通常、客は時間決めで芸妓を酒席に呼ぶことができる。具体的にはその際に宴席を設ける料理屋に予約の際にその旨を伝え、予算や希望に応じて料理屋が手配をしてくれる。無論、指名も可能である。 通常、芸妓が出入りできる料理屋は決まっておりどこでも呼べるわけではないので注意が必要である(料亭の項を参照)。
しかし最近では様々な緩和により加盟店以外の出入りも見受けられる(その場合、割り増しや各種の条件がつく場合もある)。

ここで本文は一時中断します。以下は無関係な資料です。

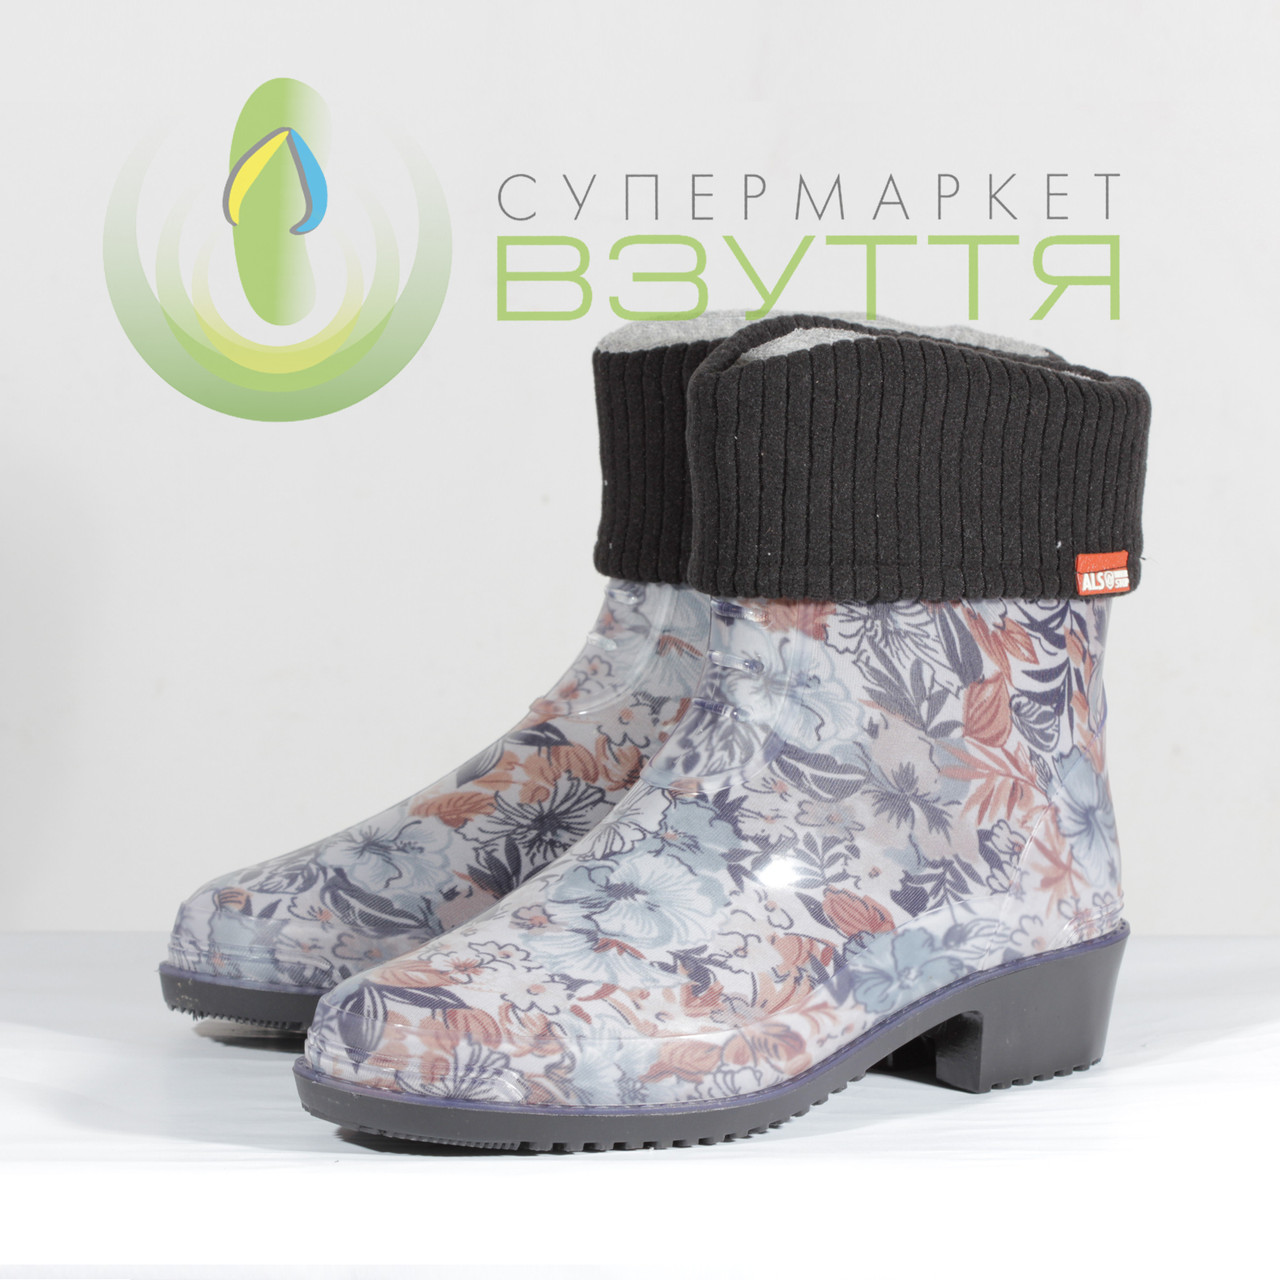 Женские резиновые ботинки с цветочным принтом  А 203 цветы 38,39,40p.

当日その場でも空きがあれば手配も可能だが通常はあまりそのようなことはしない。
その料金のことを、関東では「玉代(ぎょくだい)」または「線香代」、関西では「花代(はなだい)」などと呼ぶ。「線香代」というのは、時計のないころに線香1本が燃え尽きるまでの時間の料金だったからという。 このほかに祝儀(ご祝儀)と呼ばれる一種のチップのようなものも必要となる。
芸妓の料金の支払い方法は、使用した料理屋等からの請求で飲食の代金とあわせて来るのでその際に一括して支払う。
芸妓には大まかに立方と地方との2種がある(京都でいう舞妓・芸子の別は、職掌としては、ほぼこの立方・地方の別に等しい)。
立方(たちかた)
舞踊を主にする者
地方(じかた)
長唄や清元などの唄、語りや三味線や鳴物の演奏をうけもつ者
地方となるにはそれなりの修練が必要であり、通常は立方を卒業した姉芸妓が地方に廻る。そのほか、芸妓には素養としてひととおりの音曲、茶道などの修行が求められることが多い。
遊女との区別
芸妓はあくまでも芸を売って座の取持ちを行うのがその勤めである。